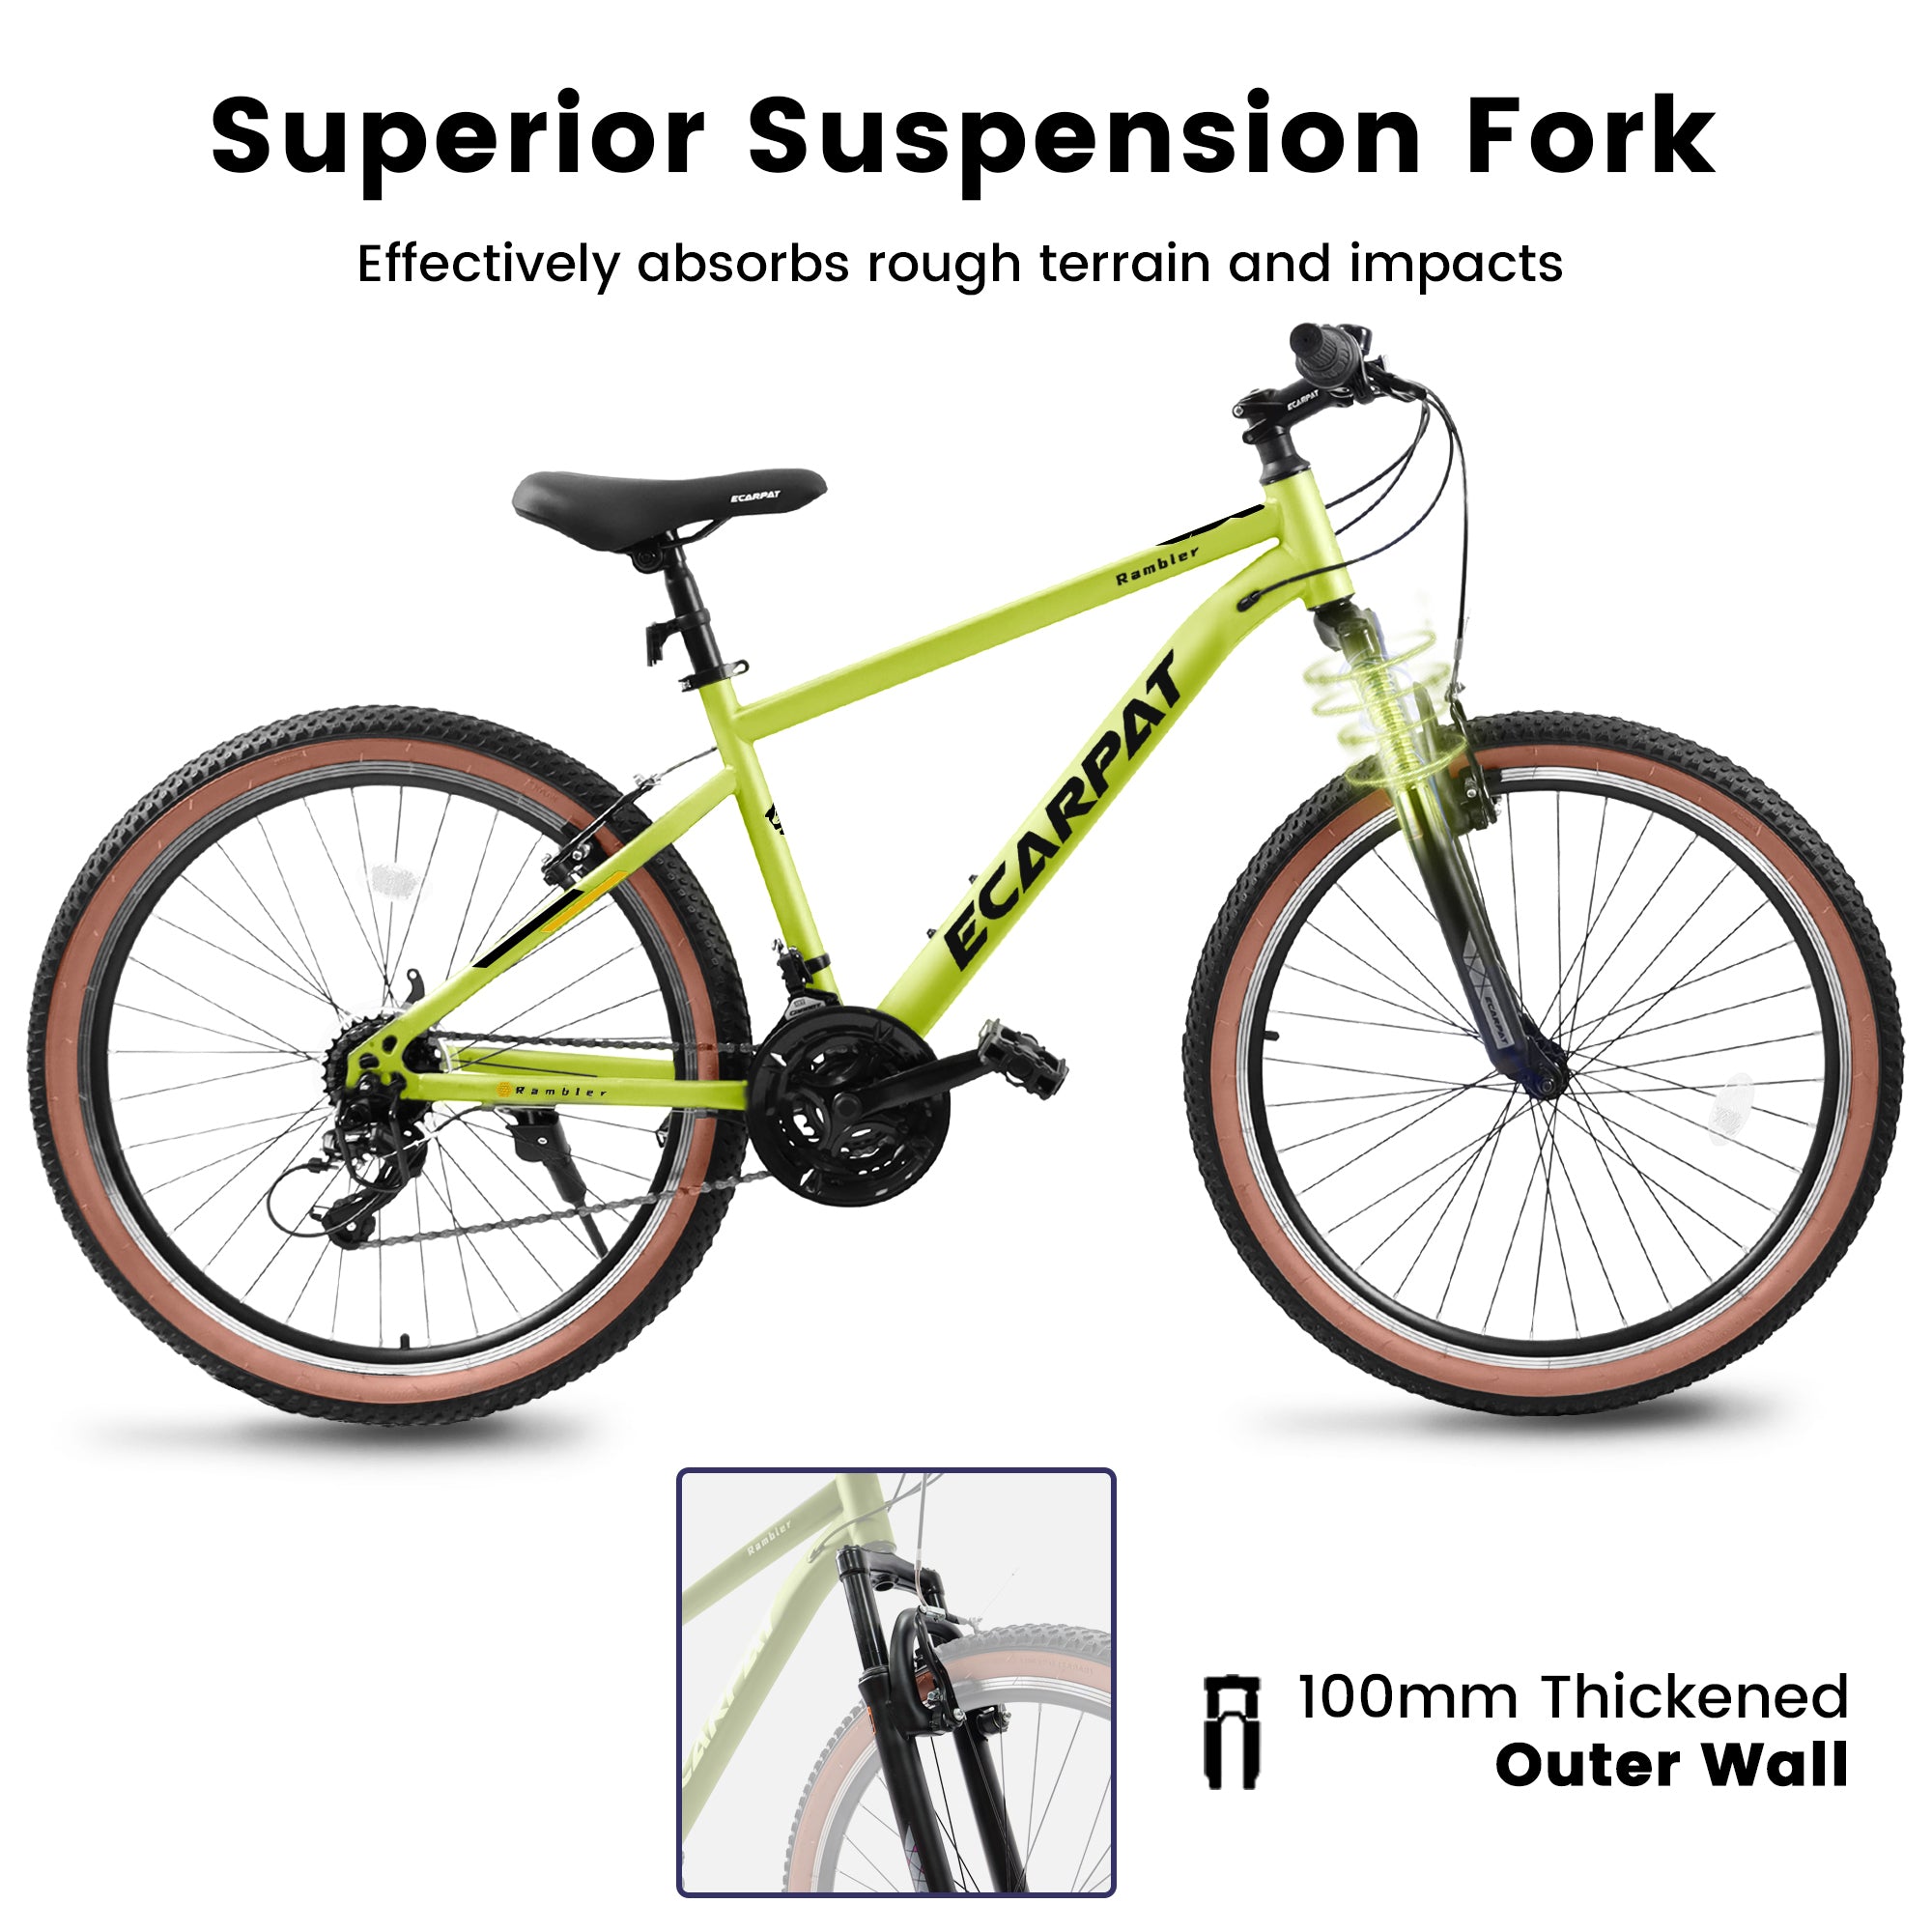 A26301 Ecarpat Mountain Bike 26 Inch Wheels, 21 Speed cycling-green-durable-garden &
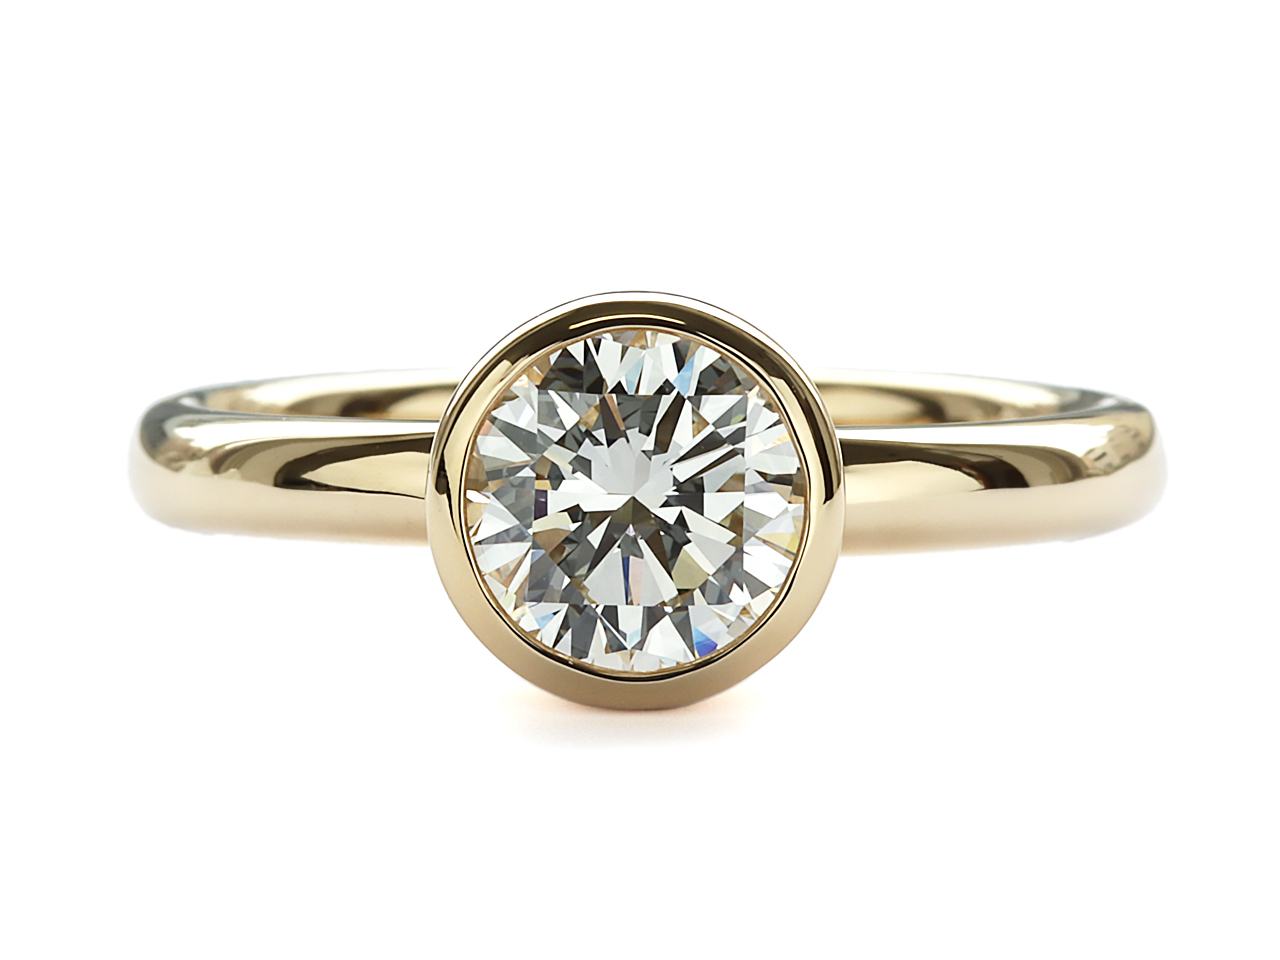 【11783話】婚約指輪とは別のシーンで使えるダイヤモンドリングにリフォーム
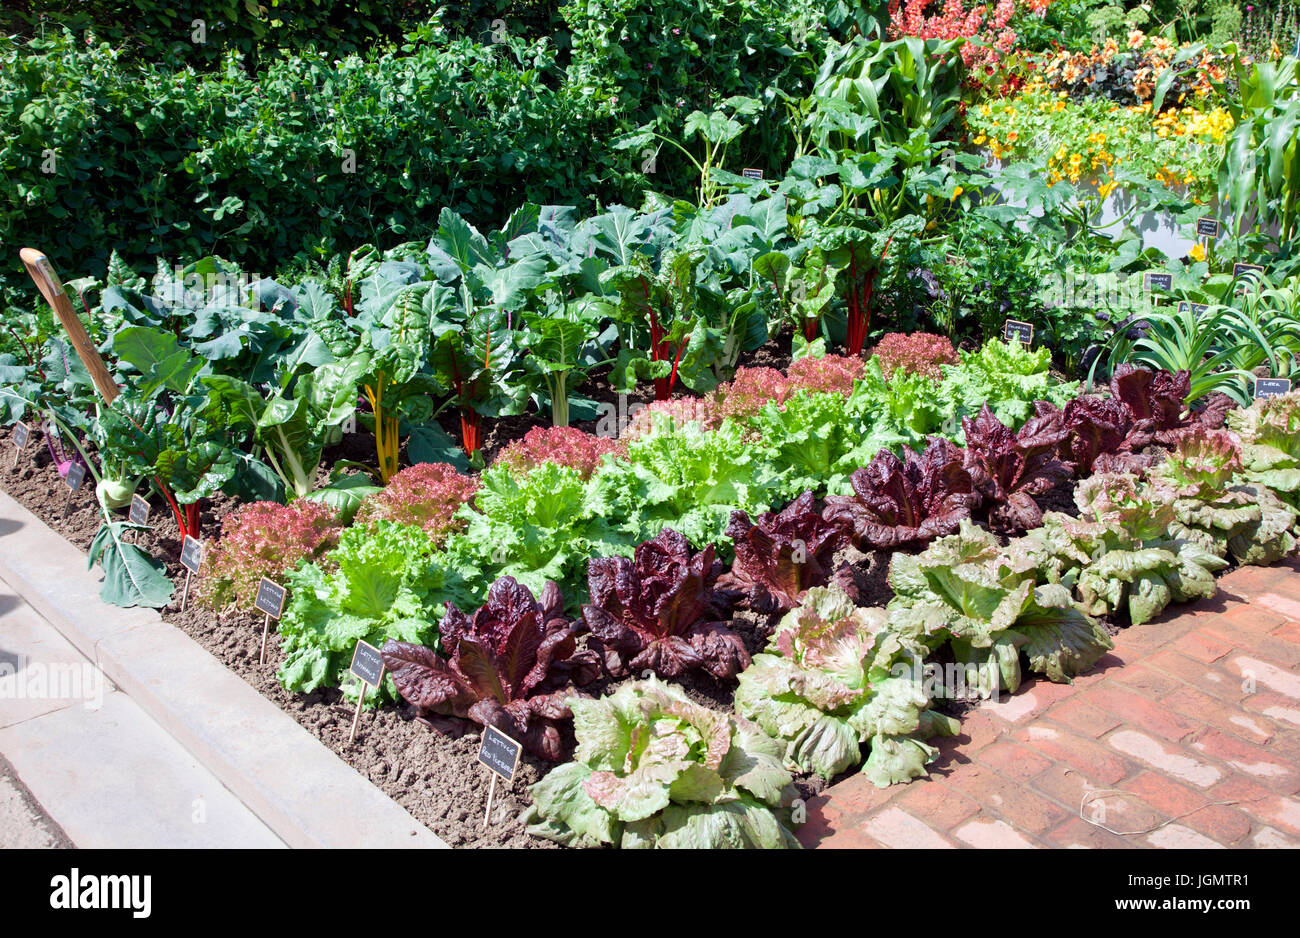 Chris Evans verduras en el jardín, un gusto por la BBC Radio 2 sentirse bien jardín diseñado por Jon Wheatley para RHS Chelsea Flower Show 2017 Foto de stock
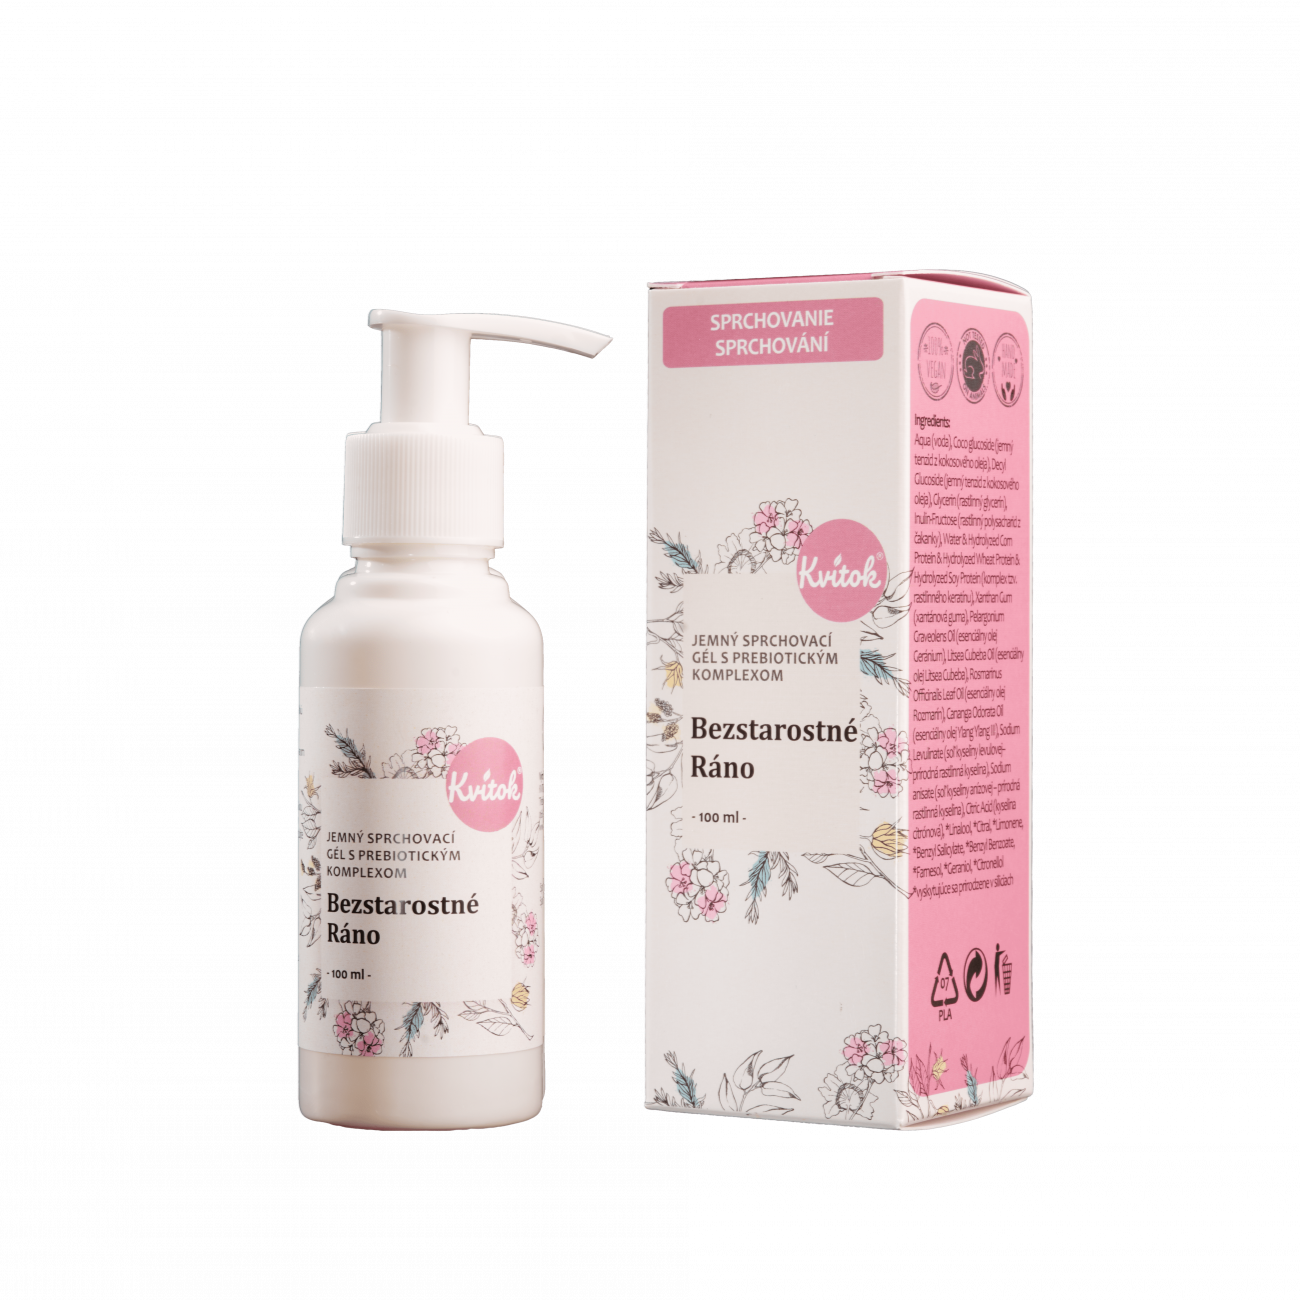 Kvitok Jemný sprchový gel s prebiotickým komplexem Bezstarostné ráno (100 ml) - s jemnou květinovou vůní Kvitok

▸ **ACTIVITY**: Without changing a word, transcribe all of the data and omit its images.

▸ **REPLY TO THE TASK**:
 A26301 Ecarpat Mountain Bike 26 Inch Wheels, 21 Speed cycling-green-durable-garden &
 【11783話】婚約指輪とは別のシーンで使えるダイヤモンドリングにリフォーム
 Chris Evans verduras en el jardín, un gusto por la BBC Radio 2 sentirse bien jardín diseñado por Jon Wheatley para RHS Chelsea Flower Show 2017 Foto de stock
 Kvitok Jemný sprchový gel s prebiotickým komplexem Bezstarostné ráno (100 ml) - s jemnou květinovou vůní Kvitok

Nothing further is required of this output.